ビリー・ブレッケンリッジの「ヘルドラド」 [ワイルドウエスト]

ビリー・ブレッケンリッジの「ヘルドラド」

 ビリー・ブレッケンリッジ (William Milton ‘Billy’ Breakenridge, 1846.12.25-1931.01.31)は、映画「トゥームストーン」(1993)で、軟弱な人物に描かれているが、実際のブレッケンリッジに対する一般的な評価は、「トゥームストーンでかつて仕えた最も丁重で控え目な治安維持官(most cordial and modest peace officer)」であった。彼は銃を最後の手段としてのみ使用したが、必要な場合には、素早く精確に使用した。

 ビリー・ブレッケンリッジは1846年12月25日ウィスコンシン州ウォータータウンに生まれた。14歳まで地元の学校に通った後、列車の中の新聞売りとして働いた。
 南北戦争中の1862年冬(15歳)に家を飛び出してミズーリ州ローラで軍需品部門の輸送隊の手伝いをした。その後、兄のいるコロラド準州デンヴァーで臨時雇いの荷馬車による物資輸送、家畜の管理、準州議会における議員奉仕係(page)などをした。
 1864年、対インディアン作戦のために百日間徴用で新たに編成された第三コロラド騎兵連隊に入隊して伝令として仕えた。
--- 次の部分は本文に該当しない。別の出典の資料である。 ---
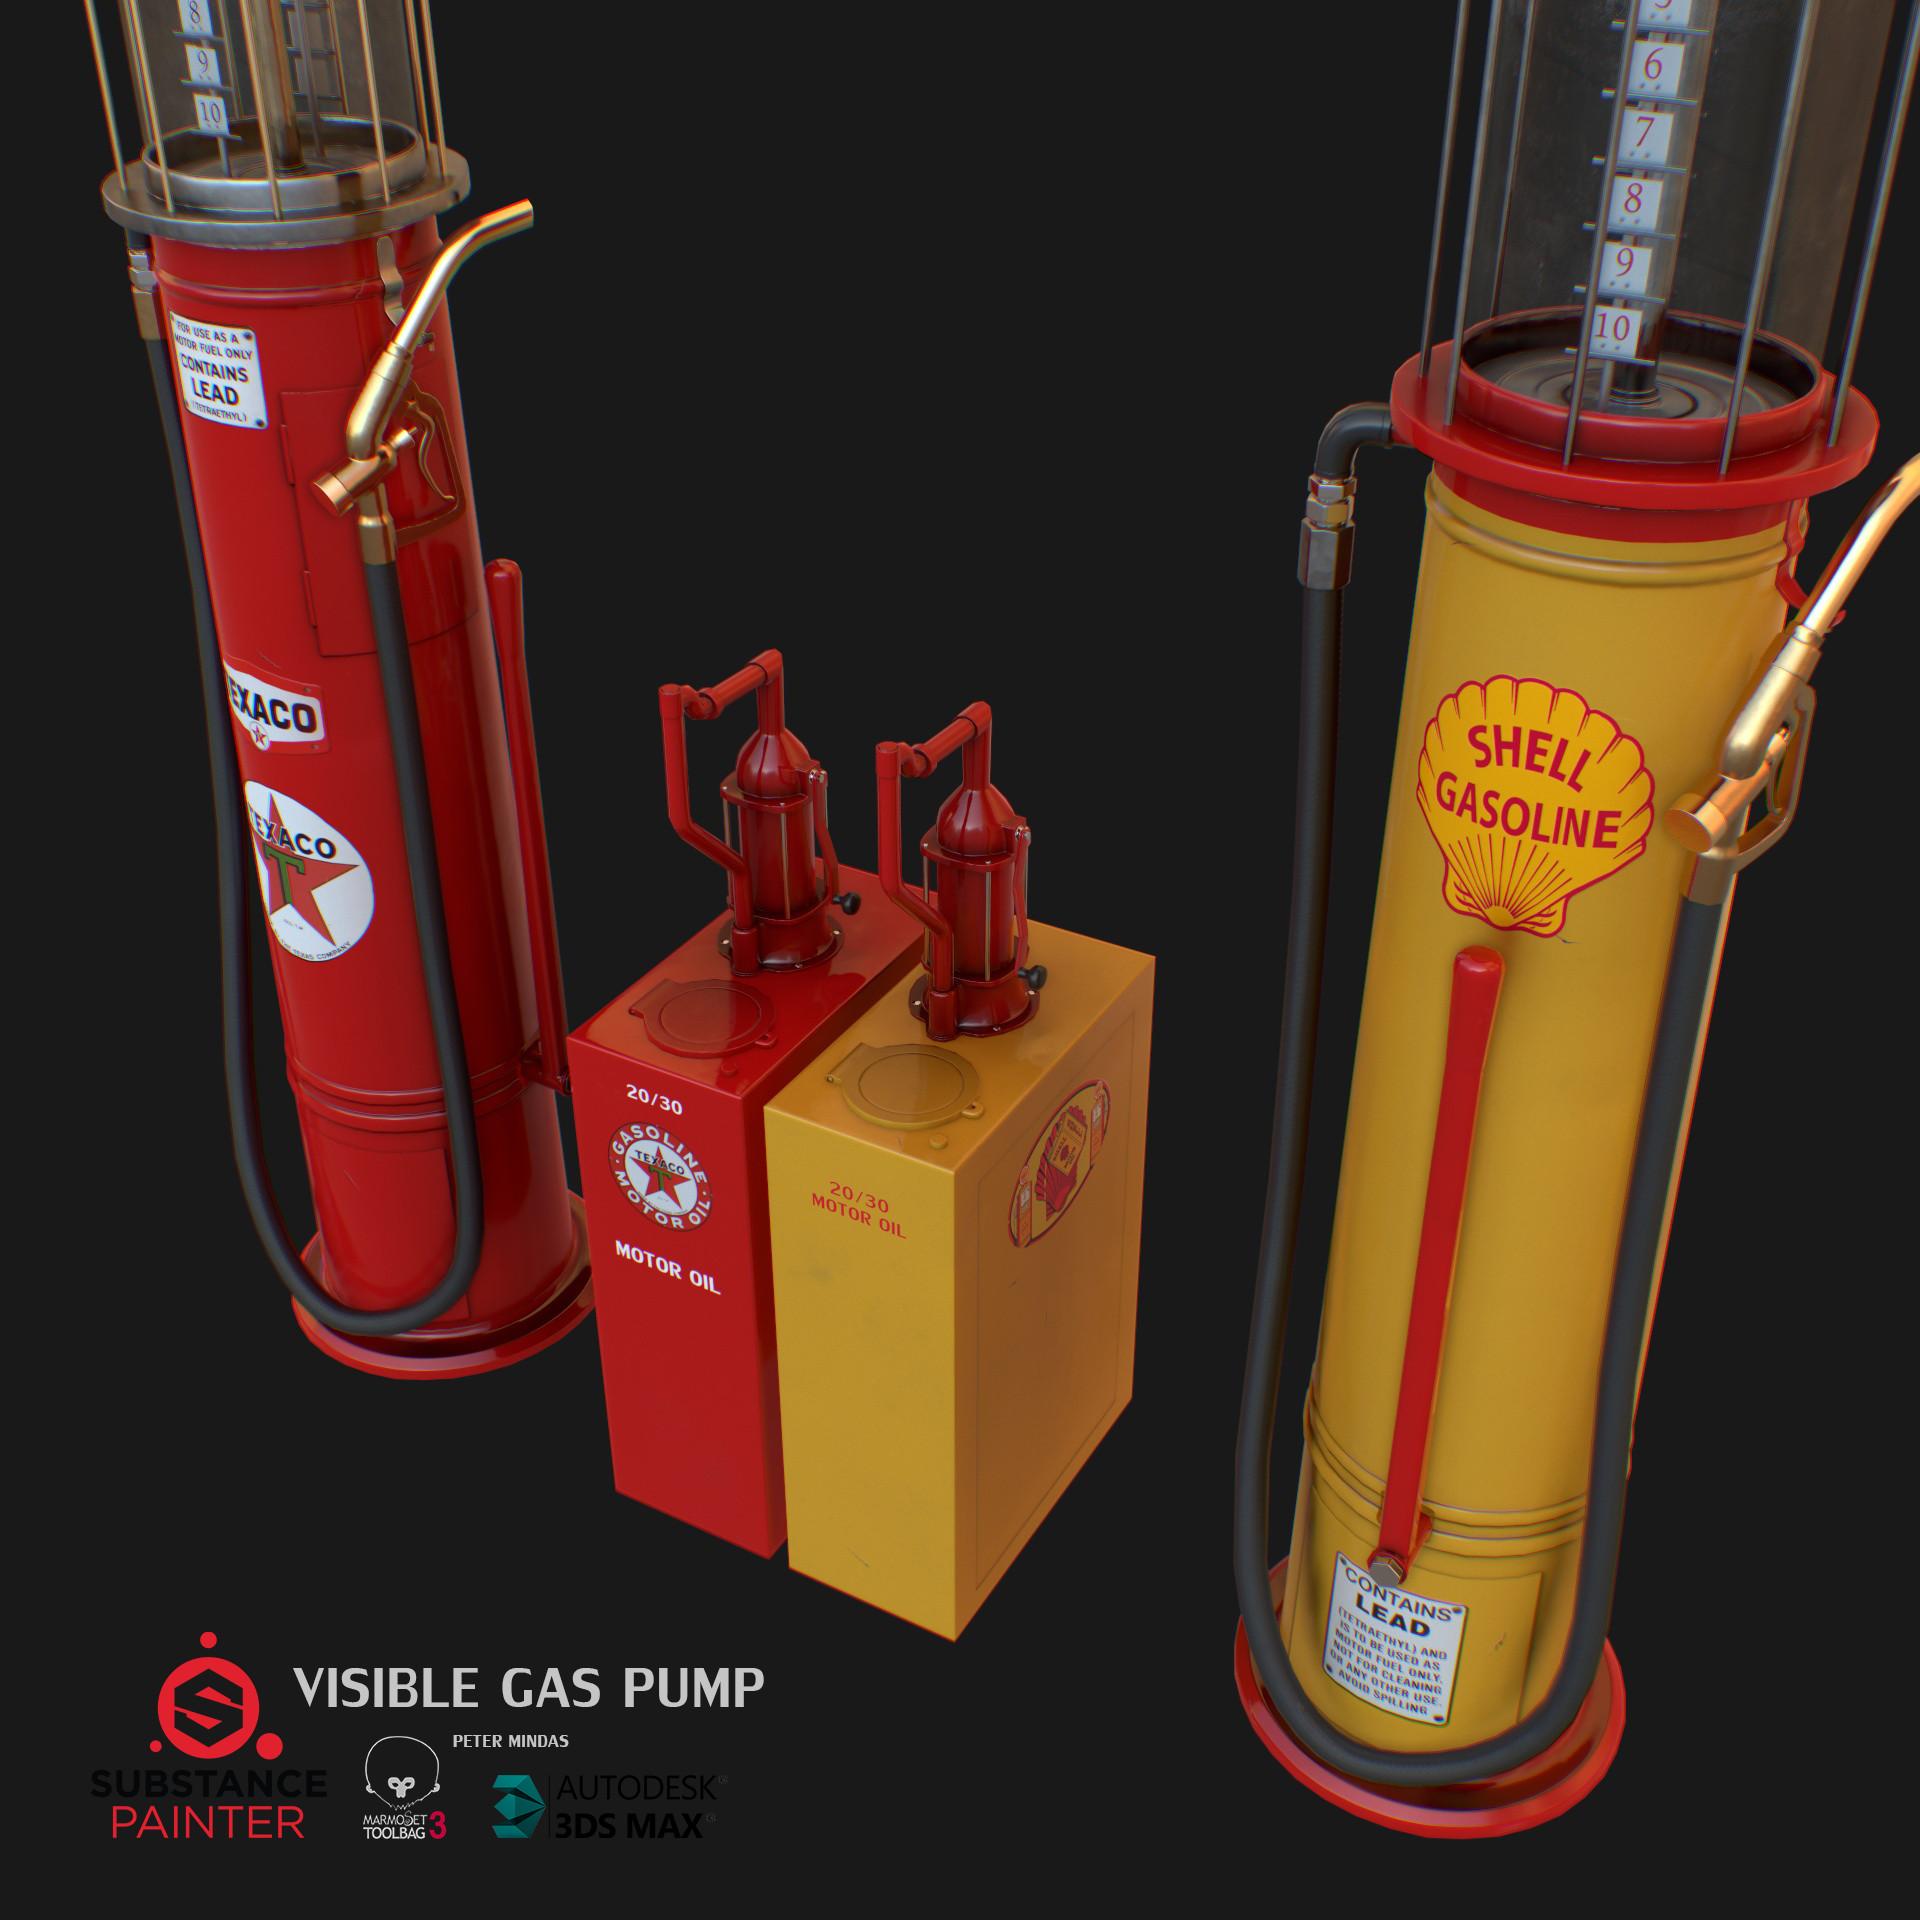 Peter Minďaš - Visible gas pump

この部隊はチヴィントン大佐に率いられて1864年11月29日、サンドクリークのインディアンの村を襲撃した(「サンドクリークの虐殺」)。
 1864年末に除隊後、コロラド北部、ネブラスカ、ワイオミングの境界を流れるプラット川流域で、荷馬車による物資輸送、家畜の管理、車掌などをした。1869年コロラド準州キットカーソンを訪れたとき、保安官トーマス・スミス(後にアビリーンの保安官となり、 “No Gun Marshal”と呼ばれた、1830-1870)と面識を得て、感銘を受けた。
 1870年春、デンヴァー&リオグランデ鉄道に、最初枕木材伐採の樵として雇われ、後に測量の手伝いをして測量を習い、測量技師として働いた。
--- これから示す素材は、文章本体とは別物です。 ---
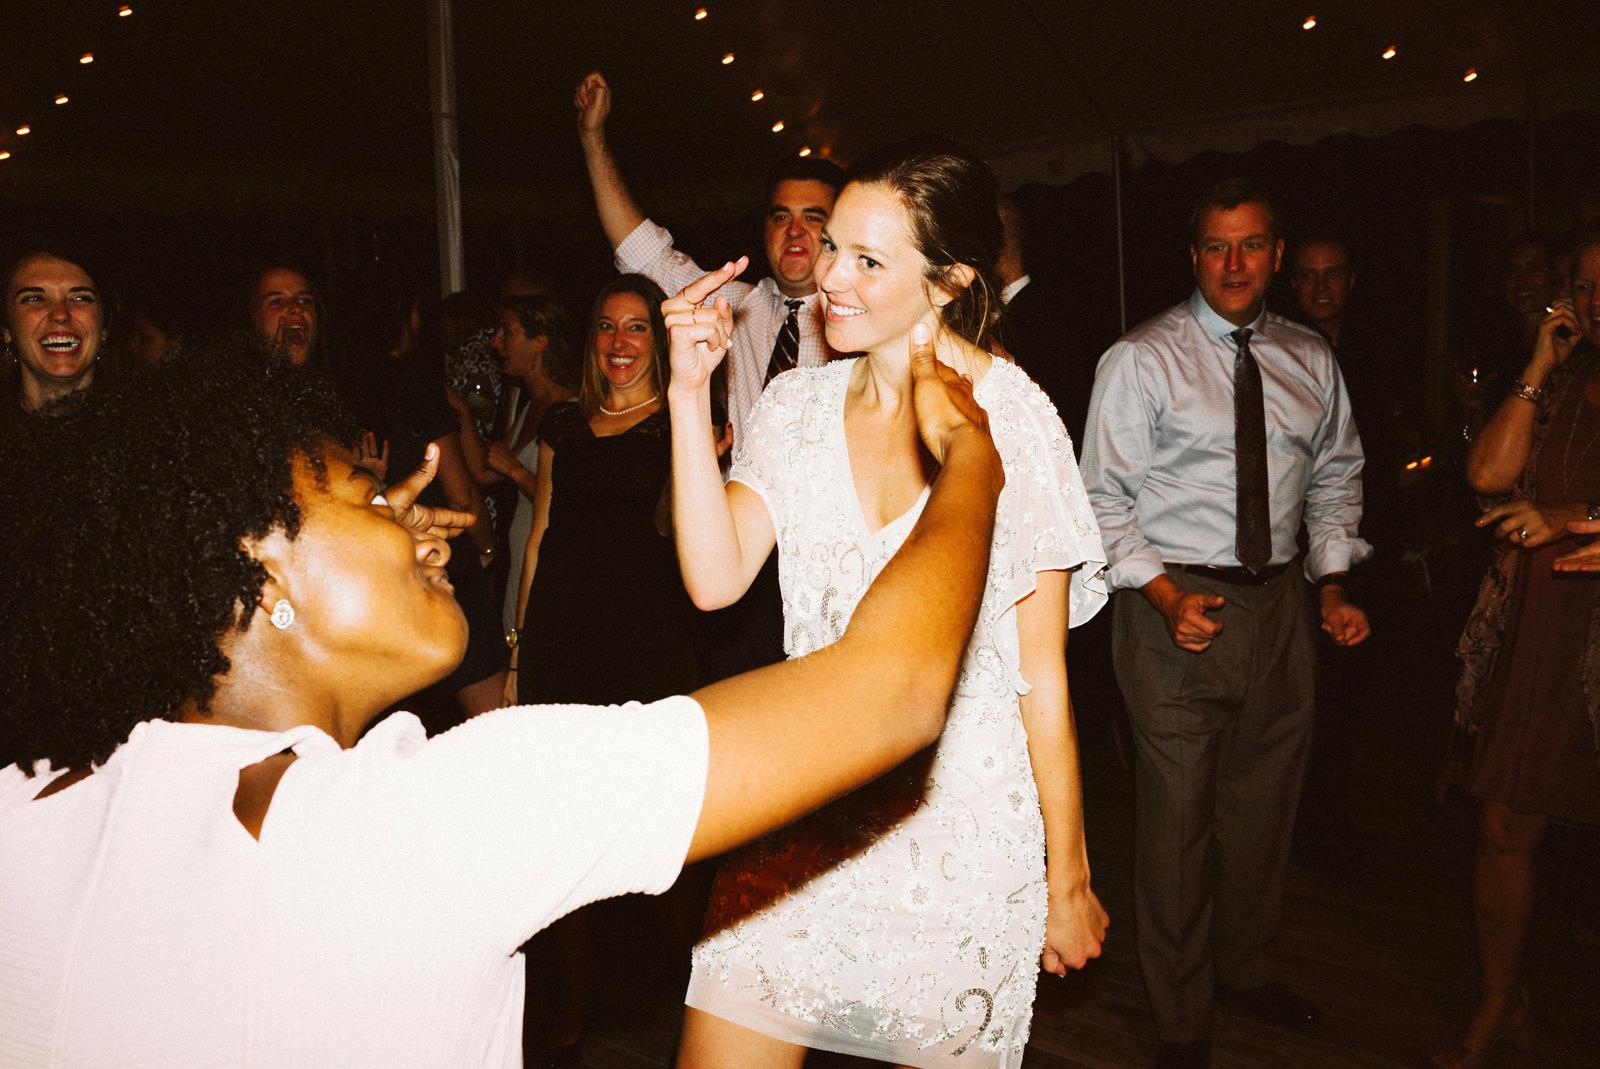 bridgeport-wedding-168 BRIDGEPORT, CONNECTICUT BACKYARD WEDDING

 こうした辺境地での暮らしの中でブレッケンリッジは、荒野で生きる術、家畜の扱い、追跡術、インディアンの習性、銃器の扱いなどフロンティアマンとしての技量を修得していた。彼は最後の手段として、相手が撃ってきたとき以外には使わなかったが、銃の名手であった。
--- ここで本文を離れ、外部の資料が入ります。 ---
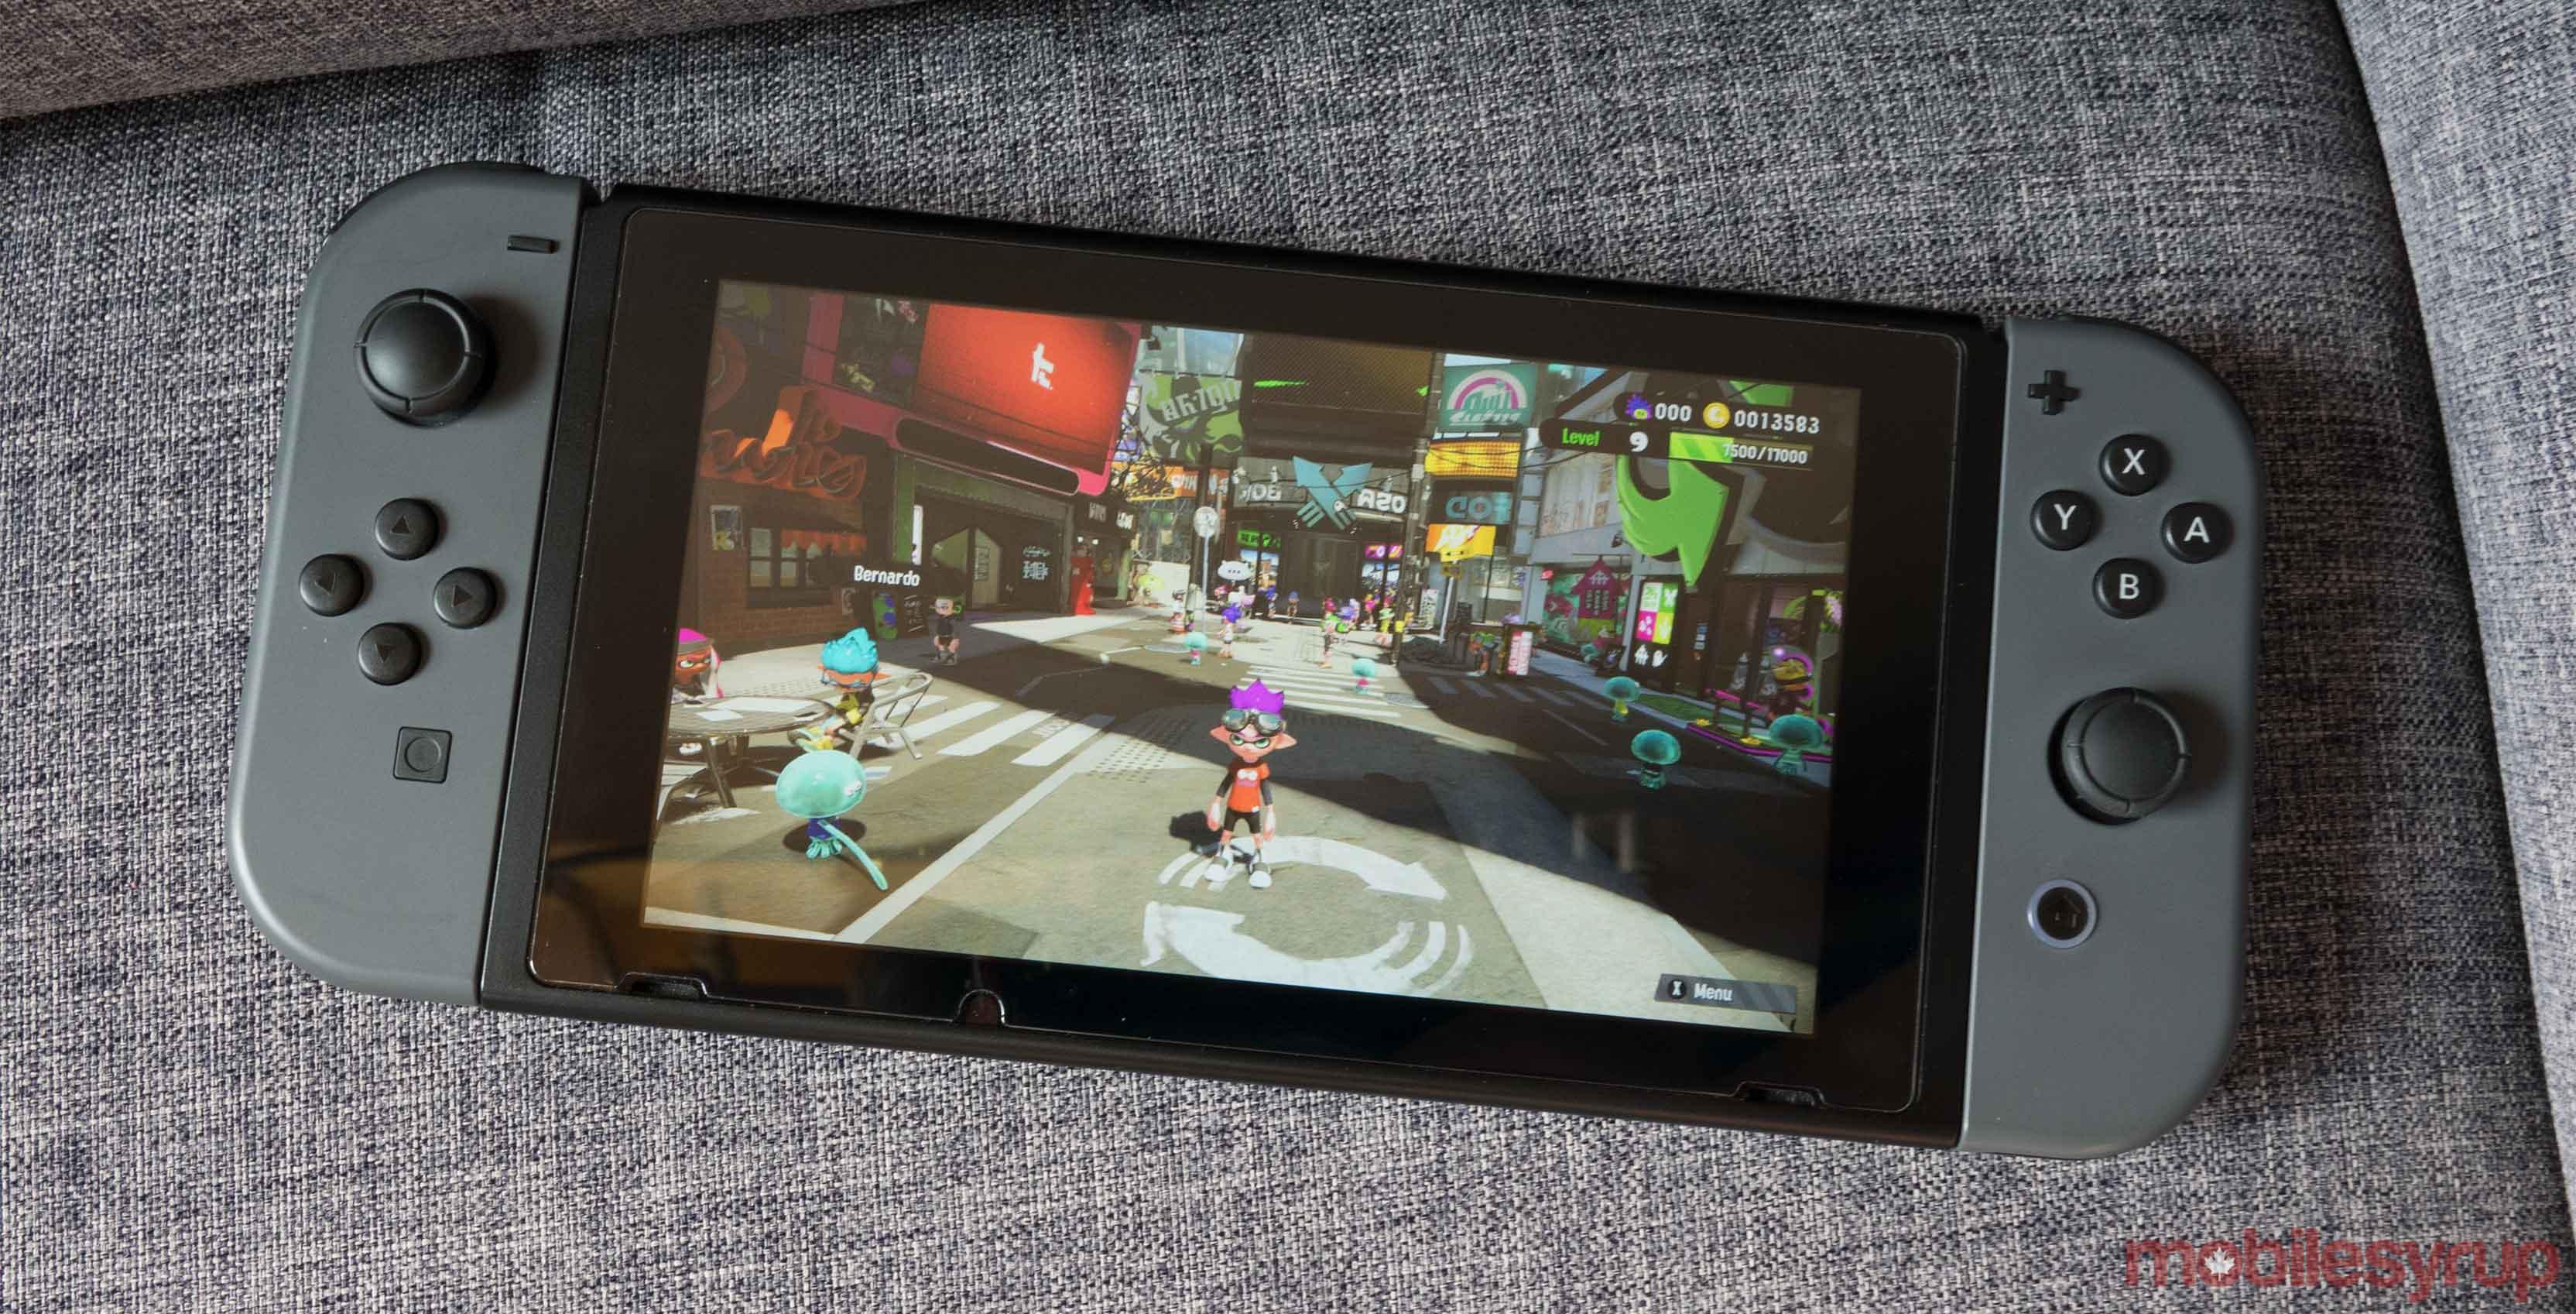 Nintendo Switch with Splatoon 2

 1876年、アリゾナへの移住集団にガイドとして雇われ、トリニダド(コロラド)からアルバカーキ(ニューメキシコ)を経由してアリゾナ準州プレスコットに旅した。そのままアリゾナに留まり、フェニックスで荷馬車による物資輸送などに従事し、ブロードウェイ(Broadway)郡保安官の下で代理(deputy)に任命された。
 1879年末、多くの者たちと同様に銀に惹き寄せられてトゥームストーン周辺で探鉱をしたが成功しなかった。その後トゥームストーンに留まり1880年秋まで鉱山施設への木材輸送などをしていた。
 1881年1月、ジョン・ビーハン(John Behan)がコチーズ郡保安官に任命されると、ビーハンはブレッケンリッジを代理(の一人)に指名した。上司のビーハンと同様に、ブレッケンリッジは「カウボーイズ」とある程度折り合いをつけながら法を執行した。
 1881年10月26日の「O.K.コラール近くのガンファイト」当日には、彼は別の犯罪捜査でトゥームストーンには不在であった。
 1882年3月末の、モーガン・アープ暗殺に続くアープ隊とビーハンの追跡隊との「追いかけっこ」には加わらなかった。同じころに起きた鉱山会社強盗殺人犯人追跡中の3月26日、撃ち合いとなり、ブレッケンリッジの治安維持官としての経歴の中で唯一相手の一人を射殺した。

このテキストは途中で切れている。